St. Jacobs, Ont., is a mere 90-minute drive from Toronto, but it can feel like a world away. It’s where a large community of Mennonites live surrounded by small towns and rolling farmer’s fields. It’s also the setting of CBC’s new—and unique—drama, Pure.

Created by Michael Amo (The Listener) and debuting Monday, Jan. 9, at 9 p.m., the premise sounds laughingly outrageous: Mennonite communities in Mexico use communities in Canada to transport drugs over the border into the United States and vice versa, as a way to keep their farms going. The reality is, it’s happening.

“It amazed me,” Amo says during a set visit for media in Halifax. “I was always interested in doing a story about the Mennonites and I love to use any project that I have as an excuse to do research and learn stuff.” Amo’s grandparents on his mother’s side were Mennonites, the first of their community to move into the city and stopped using low German as their language. Pure represented as much an opportunity to visit part of his family’s history as it did to tell the tale of drugs being run into the U.S. via small-town Canada. Amo first read about the Mennonite mob in a magazine article and renewed the option on it for years before writing the pilot on spec. No networks in Canada or the U.S. were interested in his six-episode one-hour drama until True Detective and Fargo came along.
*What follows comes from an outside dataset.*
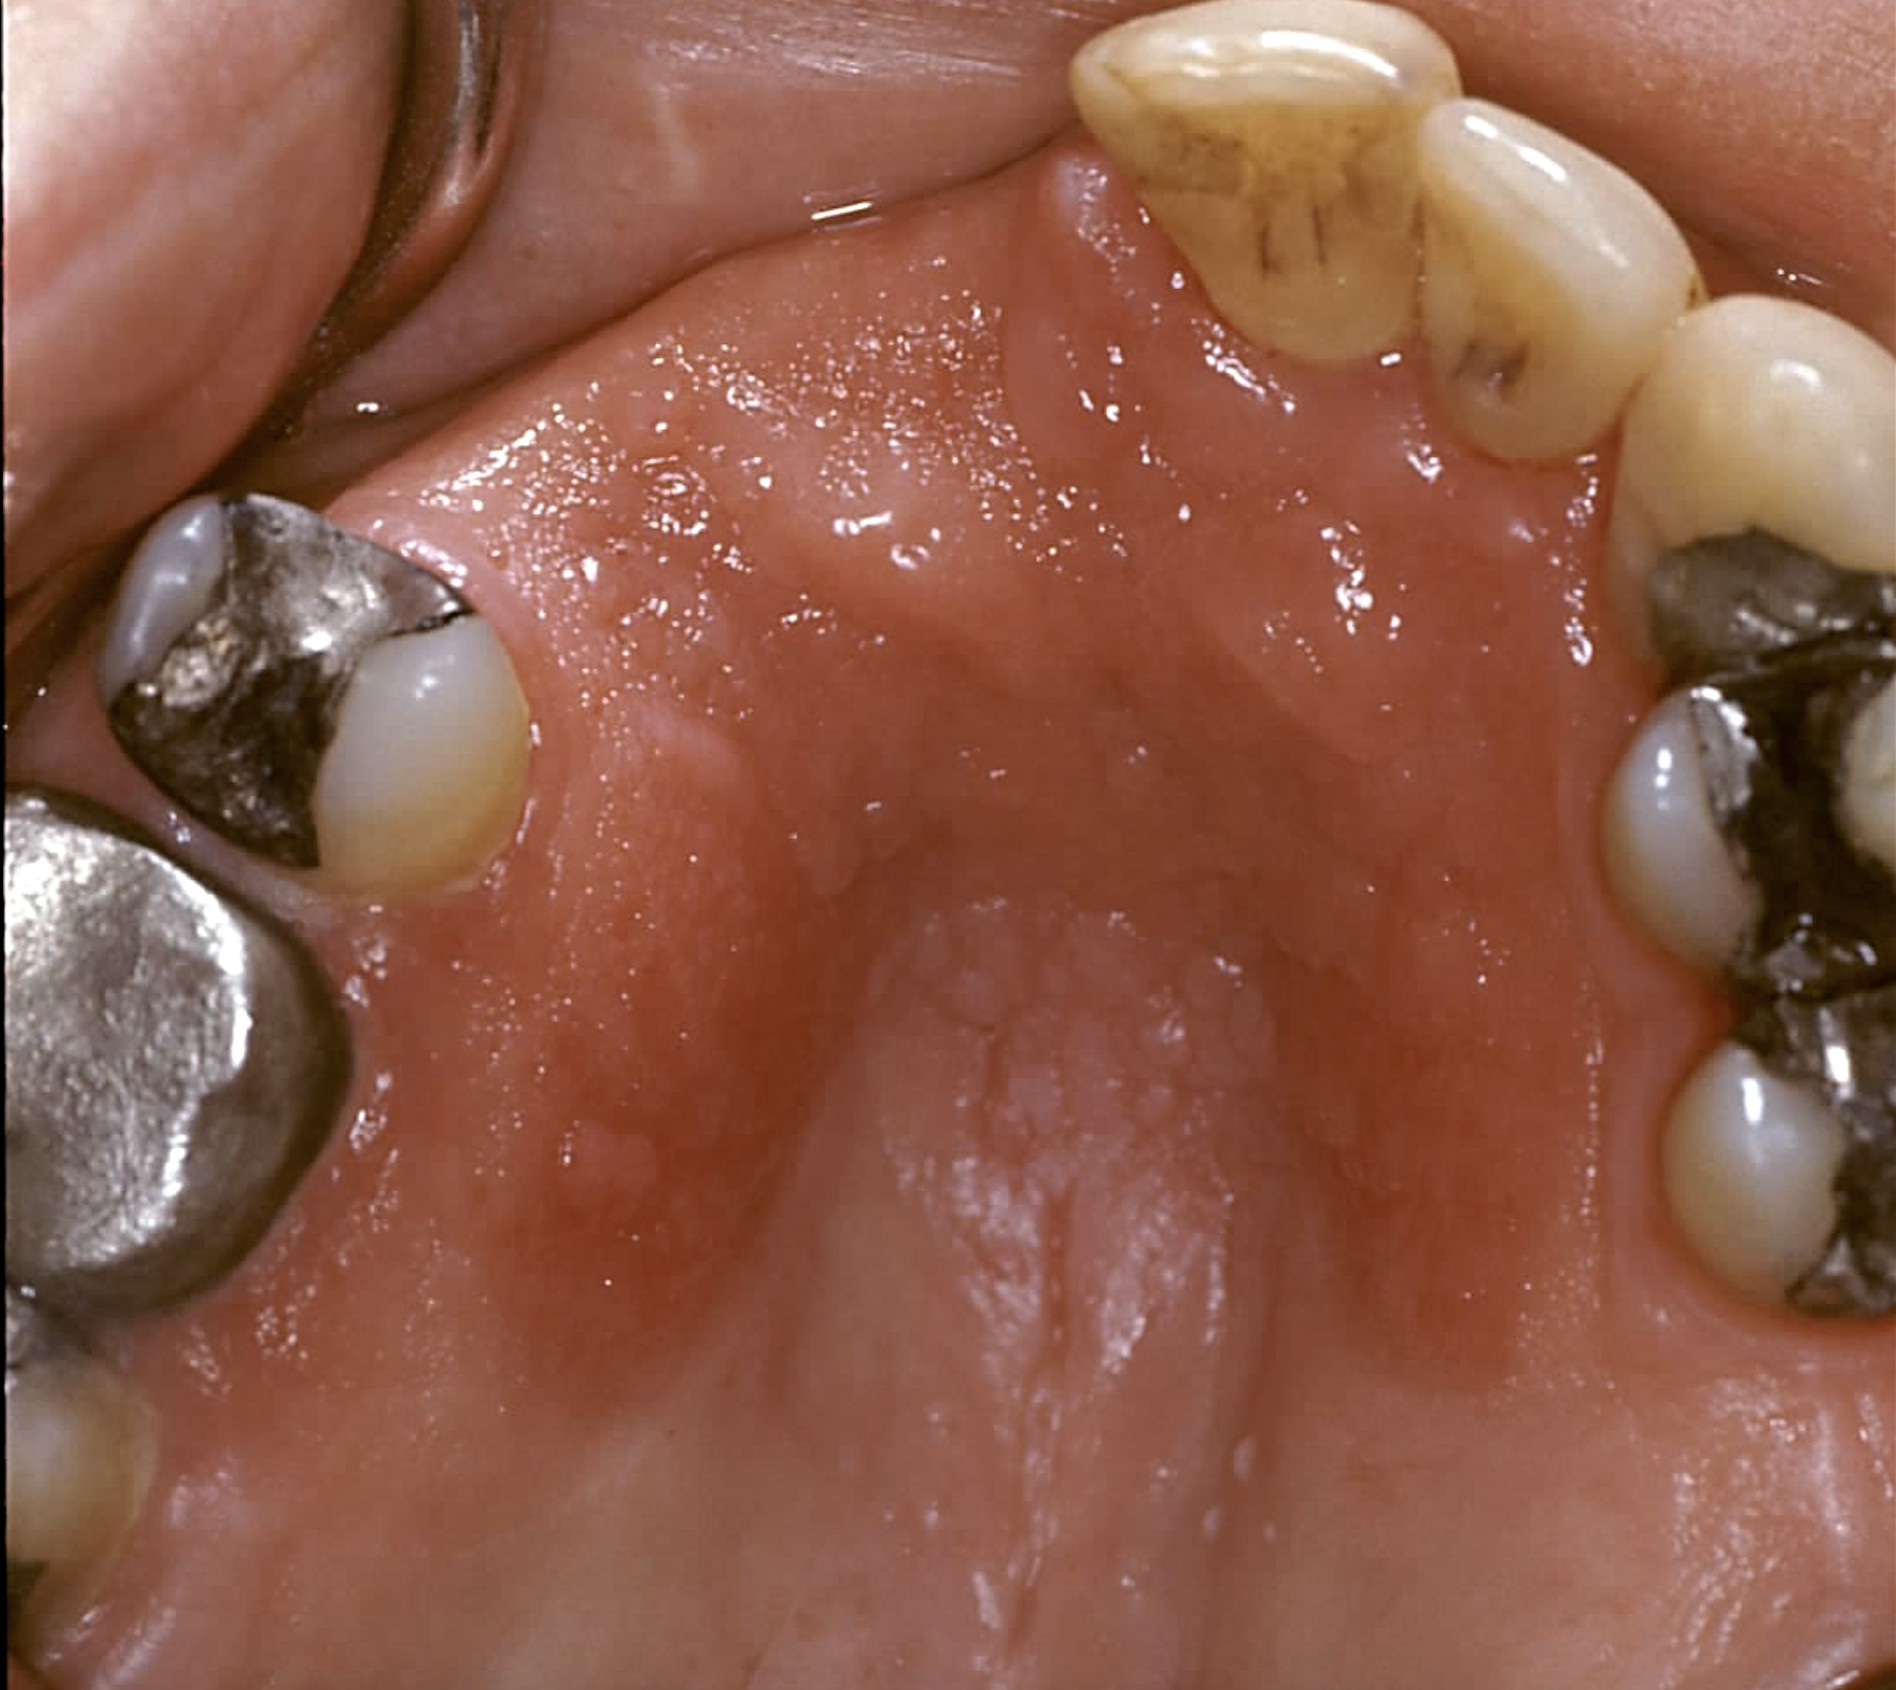 Inflammatory papillary hyperplasia noted on the hard palate of a denture wearer

Pure then spent over two years in the works at Shaw before the CBC picked it up.

Pure stars Ryan Robbins (Continuum) as Noah Funk, a newly-elected Mennonite pastor who rids his community of drug traffickers … and then comes under the scrutiny of mob leader Eli Voss (Peter Outerbridge, Orphan Black). This pulls Noah and his family—wife Anna (Alex Paxton-Beesley, Murdoch Mysteries), brother Abel (Gord Rand), son Isaac (Dylan Everett) and daughter Tina (Jessica Clement)—into a dangerous web with seemingly no way to escape. That is, until Noah finds an unlikely ally in Bronco Novak (AJ Buckley, Justified), a washed-up cop whose investigation into a burned-out car leads him to Noah, and DEA agent Phoebe O’Reilly (Rosie Perez), who has been tracking Eli for years.

“The Mennonite people speak their own language, Plautdietsch or low German,” Robbins says during a break in filming. “So, even if the police were on to somebody they don’t have anybody to translate those conversations. That’s how people were able to get away with it for so long.” Noah, Robbins explains, is an old-school Mennonite, with no electricity and a horse and buggy to get around in. A pious man, he’s challenged to keep his faith while betraying members of his colony and justifying his decisions in the name of God.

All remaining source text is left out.